### Your task
Each line of the material must be repeated precisely, with the pictures left out.

### Stored data
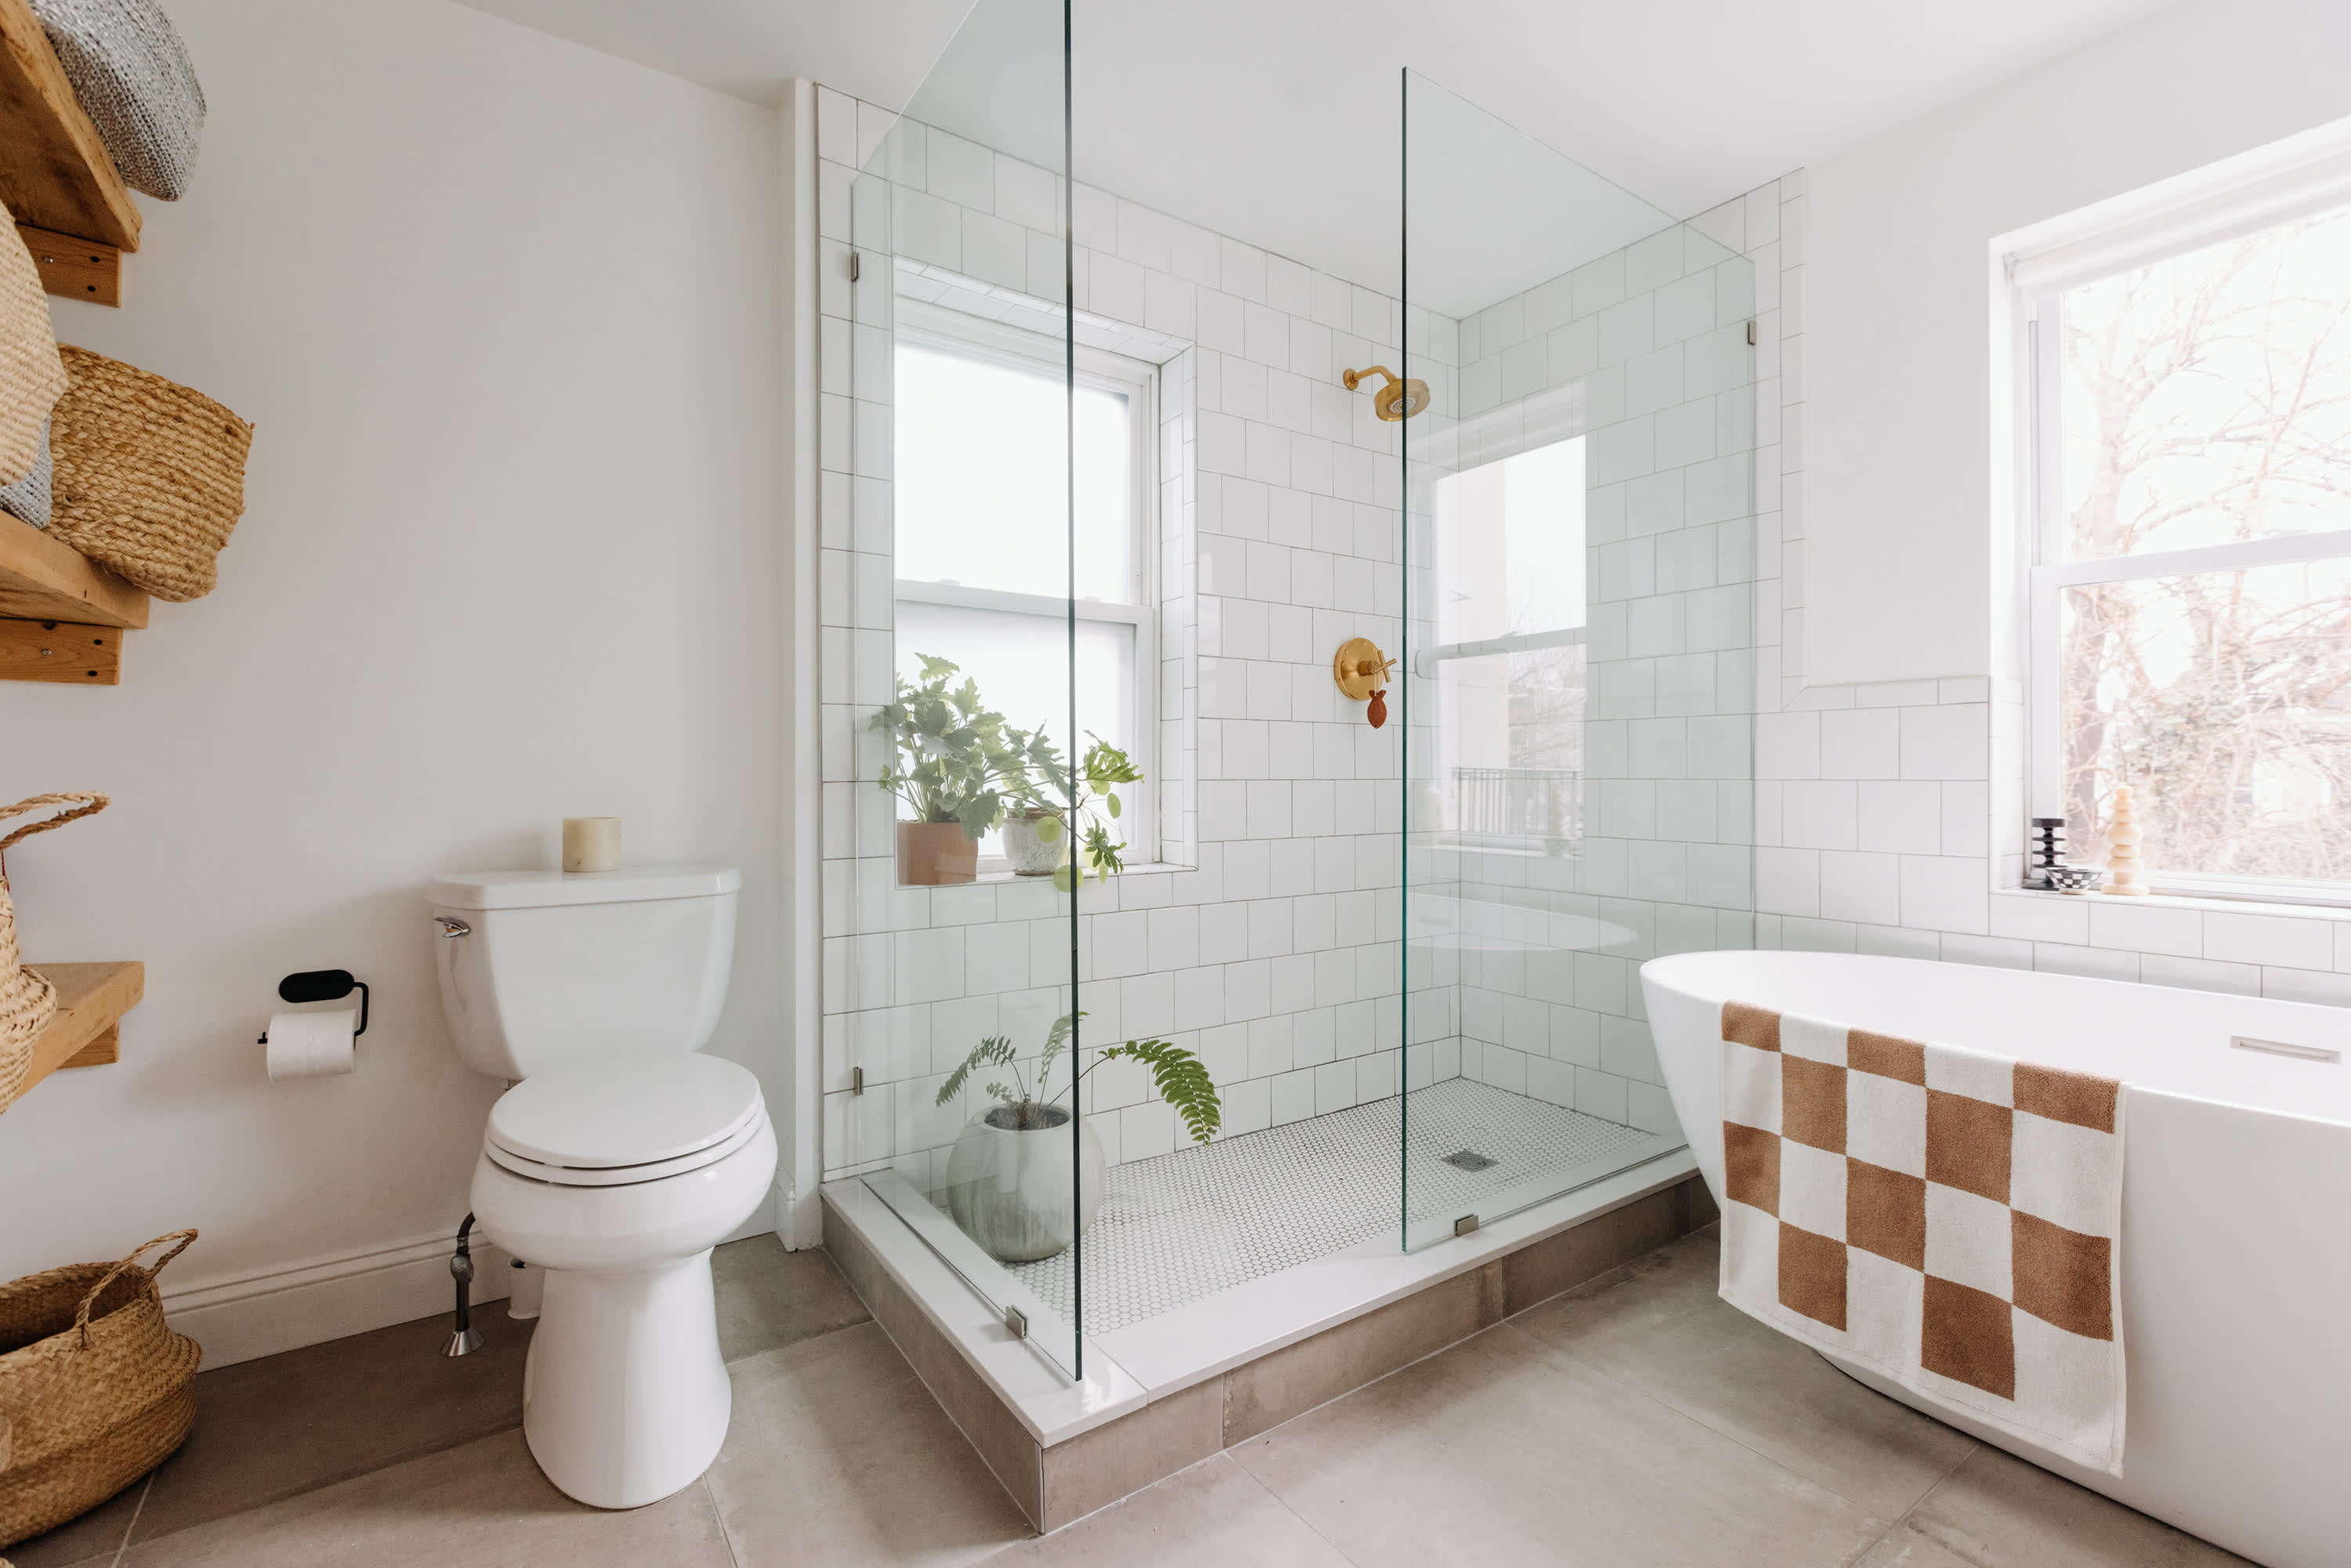 5 Simple, Budget-Friendly Bathroom Shower Organization Ideas
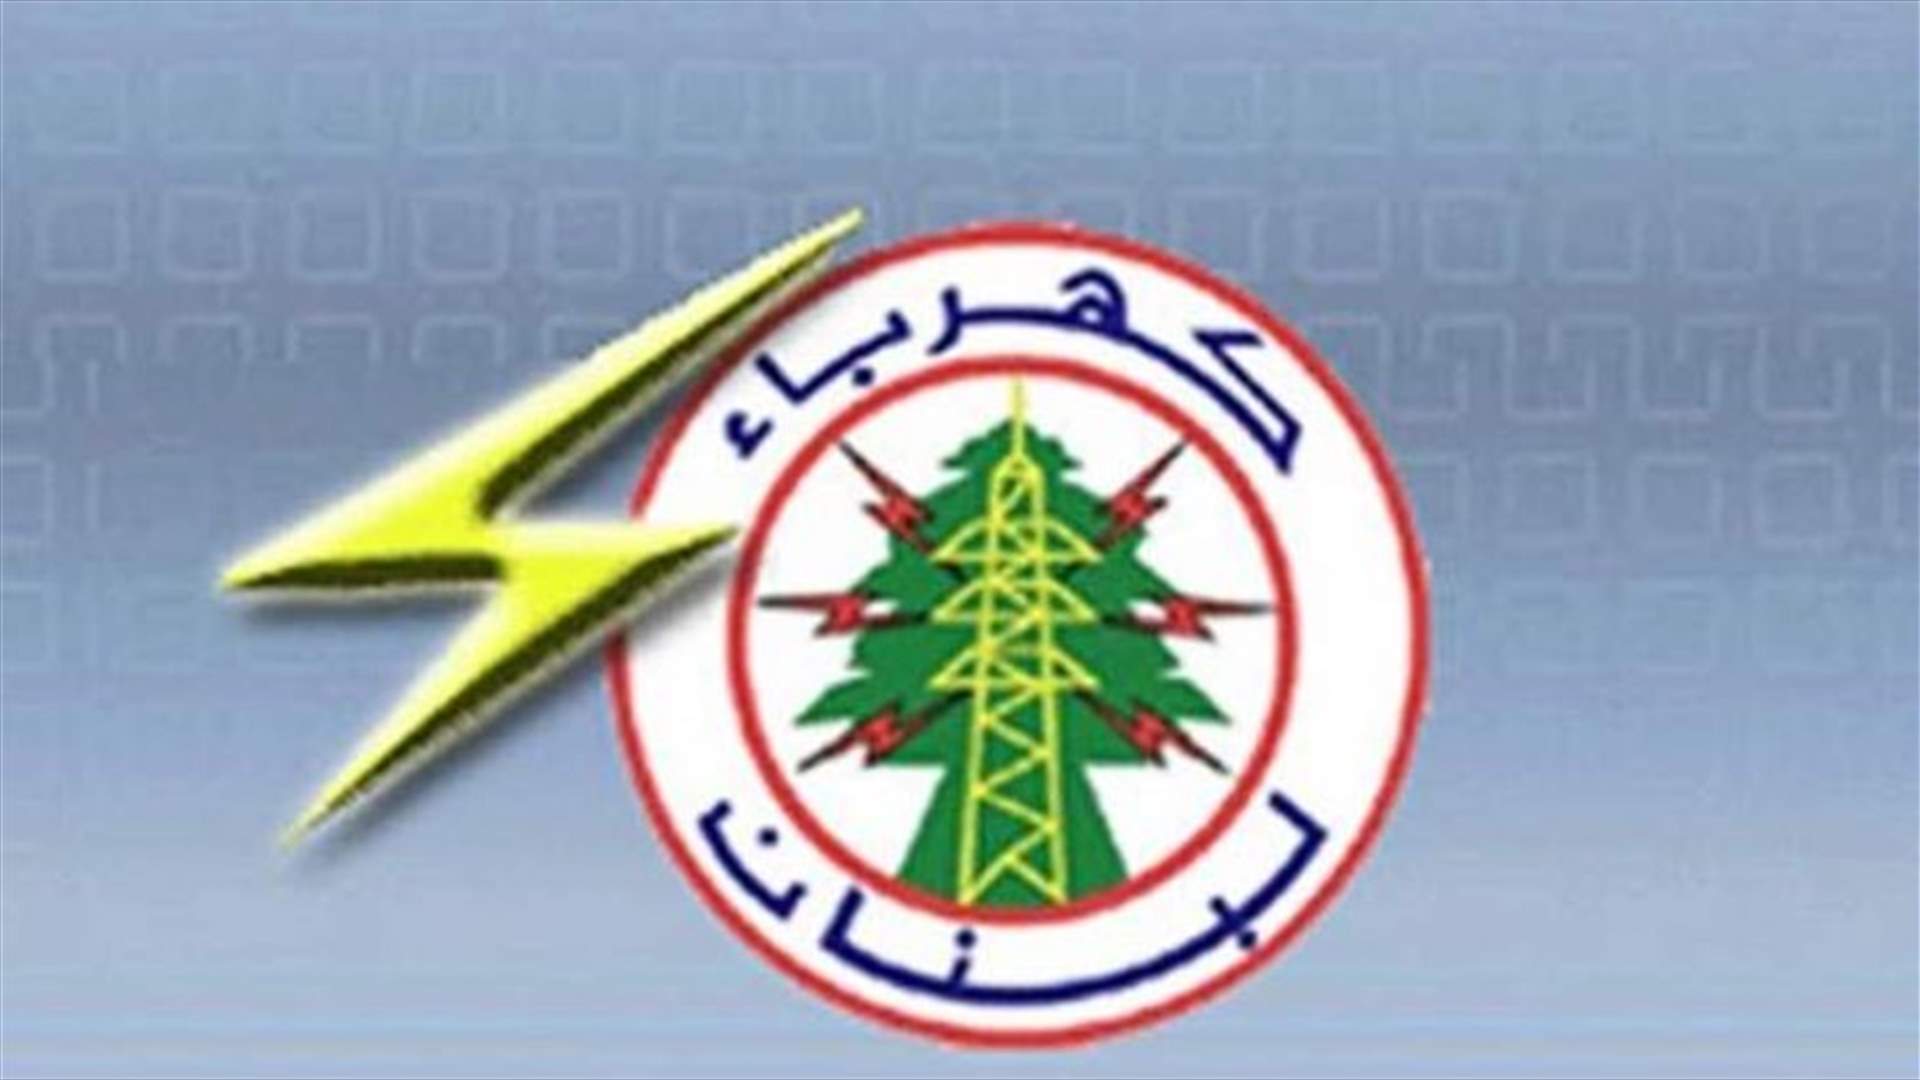 إقفال دائرة النبطية في مؤسسة كهرباء لبنان إثر اصابة أحد الموظفين بكورونا
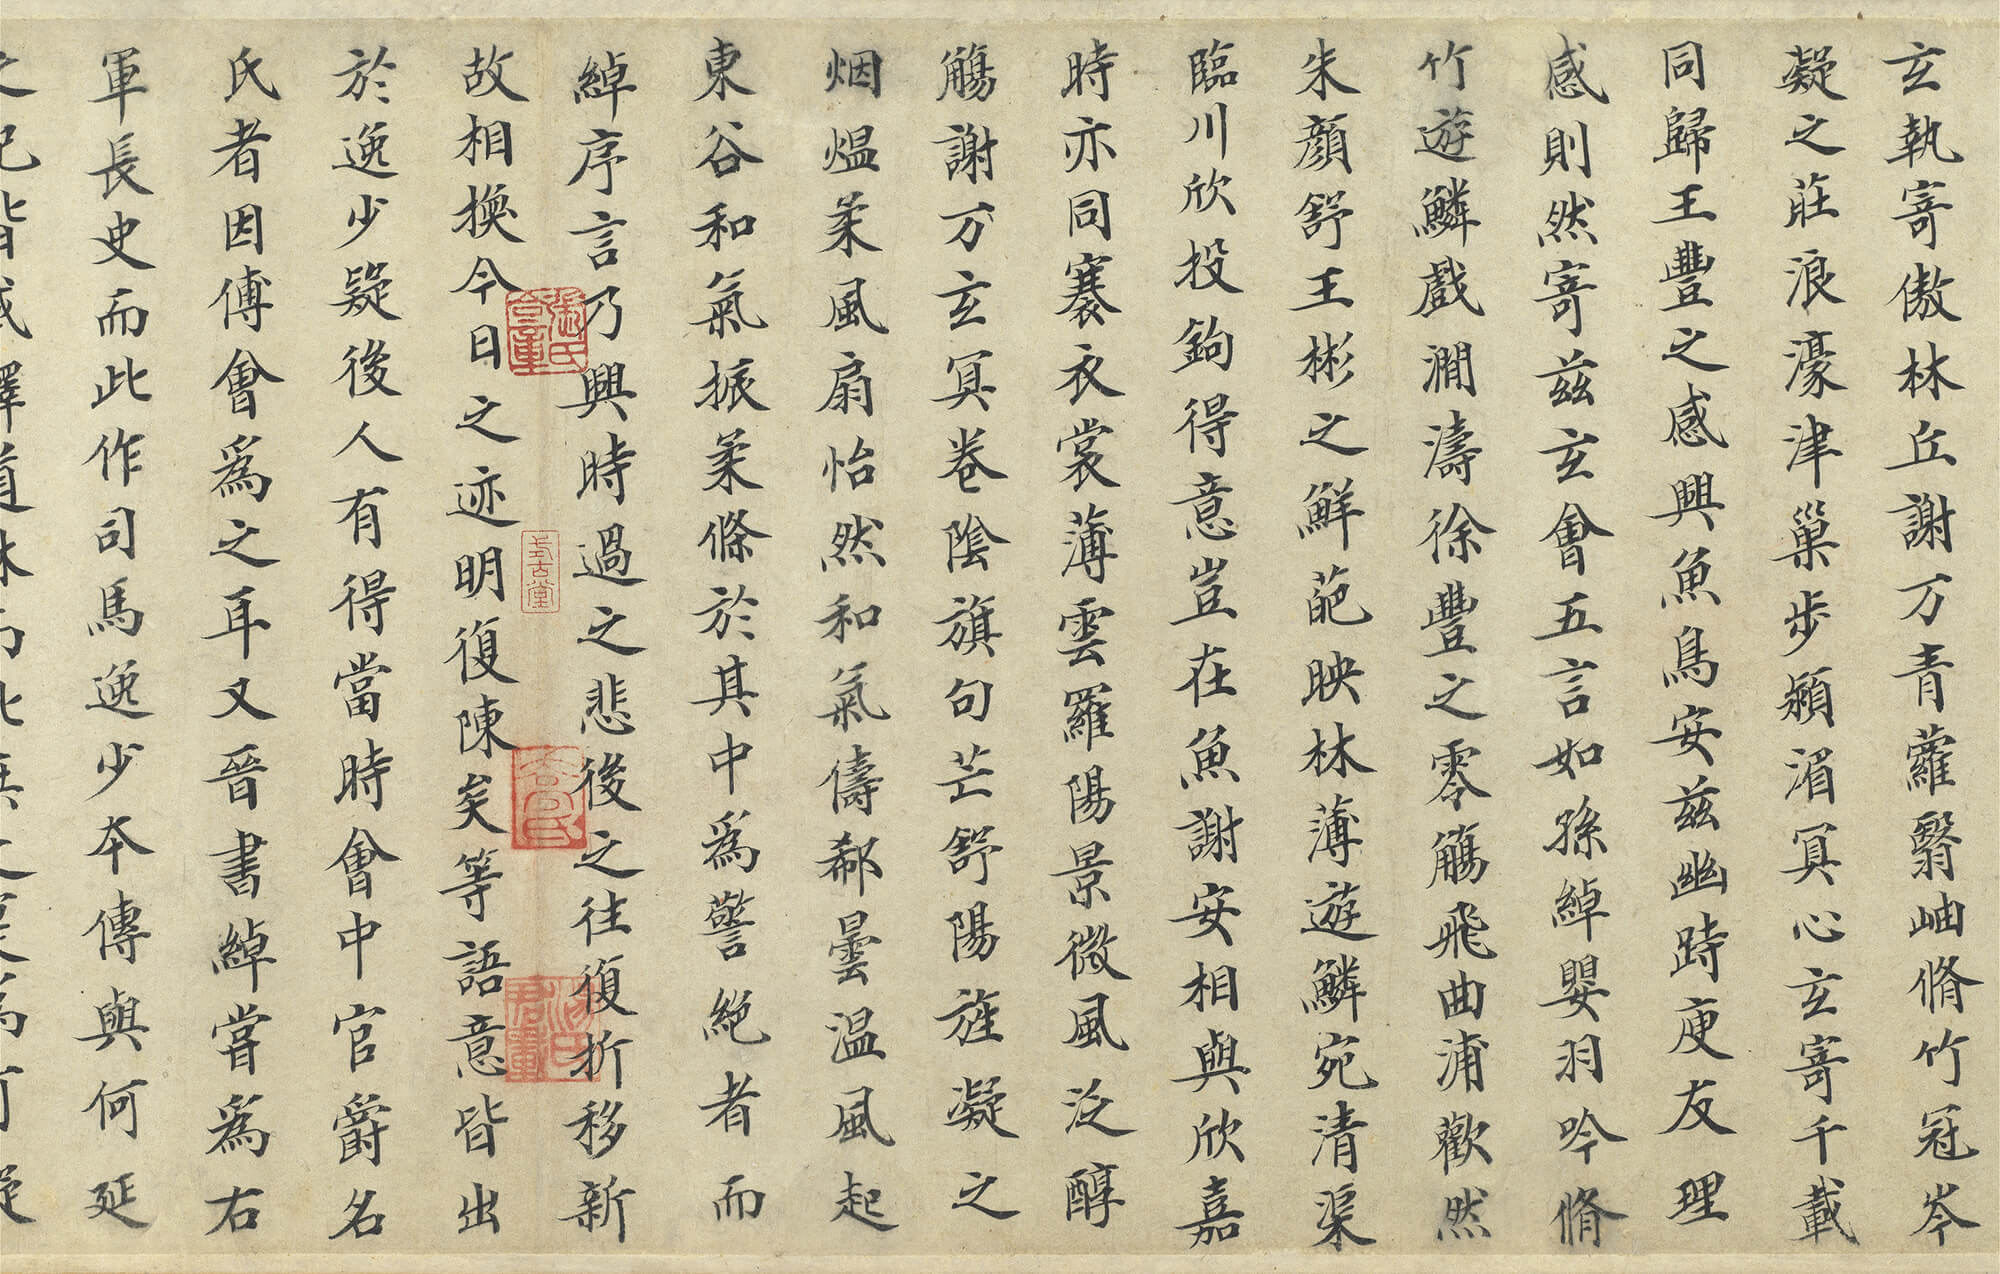 Original Dingwu Copy of the Orchid Pavilion Preface

### Written solution
 5 Simple, Budget-Friendly Bathroom Shower Organization Ideas
 إقفال دائرة النبطية في مؤسسة كهرباء لبنان إثر اصابة أحد الموظفين بكورونا
 Original Dingwu Copy of the Orchid Pavilion Preface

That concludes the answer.